The second and third freedoms of Powell’s “Four Freedoms” granted consumers the freedom to run the application and attach the device of their choice so long as they operate within the service plans.  The new second and third principle does not seem to permit such exceptions and this could spell trouble for most of the existing service models shown in figure A below.

Figure A – The Internet supports a wide range of business models

Presently, consumers have a choice between lower costing partial service wireless Internet access or higher costing full wireless Internet access.  Smart phones like the iPhone have single-device service plans which contractually prohibit the attachment of other devices like laptops.  This “no tethering” limitation significantly lowers the cost of iPhone 3G wireless Internet access from the normal $60/month to $30/month.  Smart phones like the BlackBerry Bold which does permit the attachment of laptops has a service plan similar to other full service Internet access plans which costs $60/month.  If all service plans must permit the attachment of devices, the $30/month single-device plan goes away and consumers are left with the $60/month plan.

Devices like the Peek simply email device costs $20/month for unlimited email access but it blocks access to every application legal or otherwise with the exception of a few email servers that the customer specifies.  Devices like the Amazon Kindle eBook reader and upcoming Barnes & Nobles Nook will have very limited access to the Internet, but they don’t cost the user anything up front in the form of a monthly subscription fee for 3G Internet access.  The Peek, Kindle, and Nook under a strict first two principles that does not make exceptions for service plan limitations would be regulated out of existence.  That would be a tragic mistake because these are business models and devices that lead the world in innovation and they give consumers a cheaper products with the feature sets they desire.

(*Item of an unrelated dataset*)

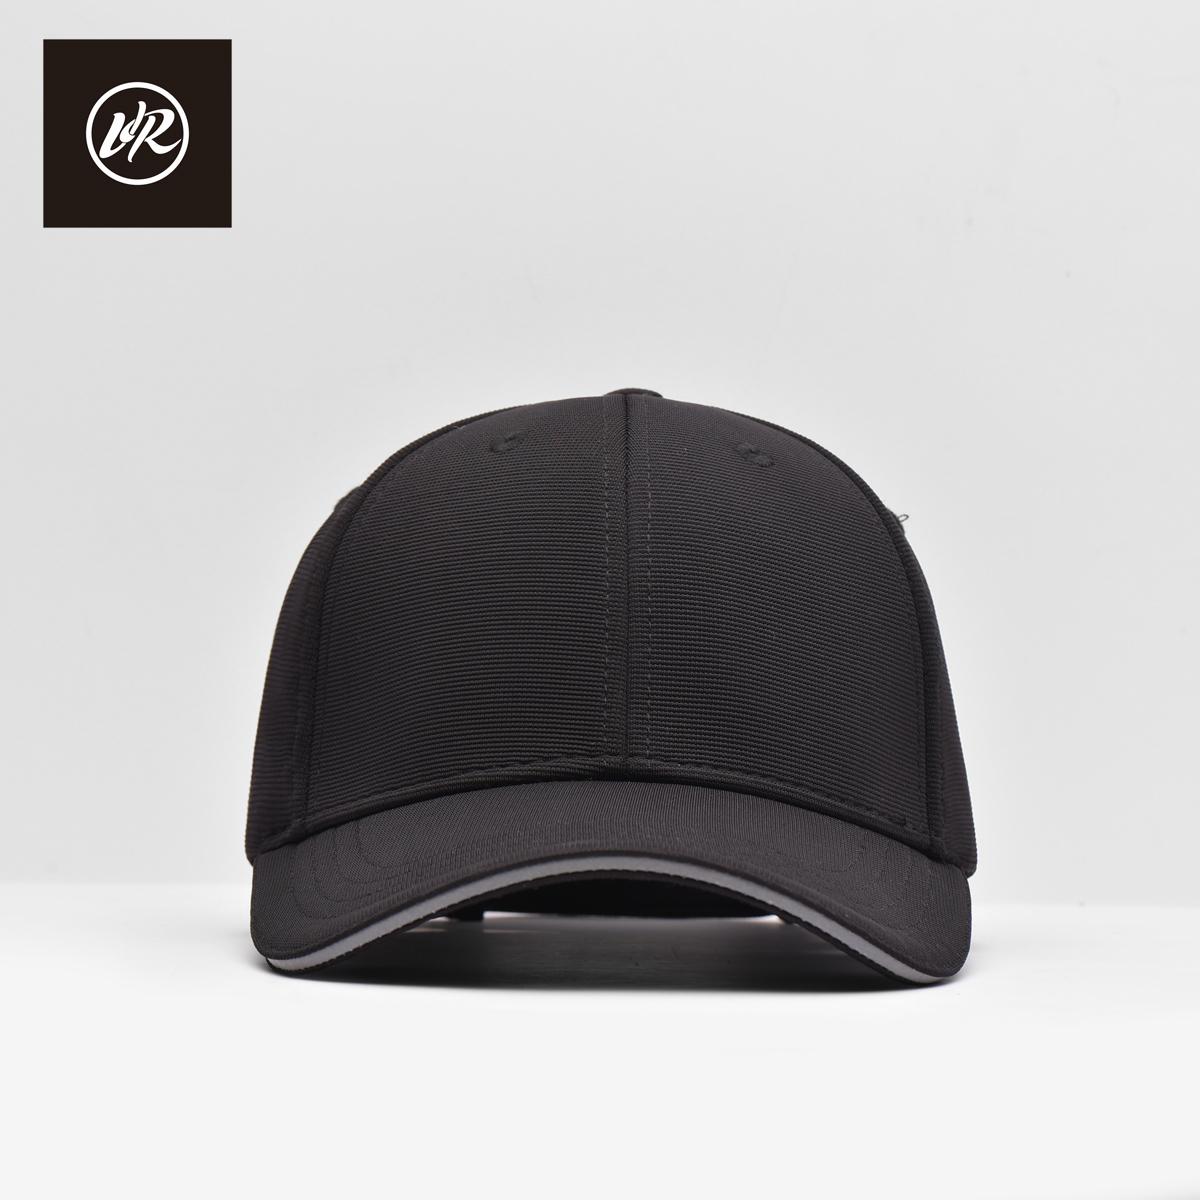 ... Korea Fashion Style ms dilipat Cooljie topi pantai topi Biru tua Source Musim panas topi topi

Lastly, the original “Four Freedoms” stated that “consumers should receive meaningful information regarding their service plans” which is essentially a transparency rule.  But the new “Four Principles” would change this to say that consumers are “entitled” to competition between network providers.  Since many consumers only have two or fewer wired broadband network providers and some feel that this is not a sufficient level of competition, it opens the possibility that the the new fourth principle is a pretext for mandated network unbundling and structural separation.  In the context of the recent Berkman broadband study (which appears to be based on flawed historical analysis and flawed data), forced unbundling is more than just a theory and it could have serious consequences for private Internet investments.

This only begins to scratch the surface of the NPRM regulations on the Internet.  All through this week, Digital Society will analyze every aspect of the NPRM.  As it currently stands, the NPRM will need several revisions to the revised Four Principles or it could raise prices for consumers and stifle future investments in broadband infrastructure.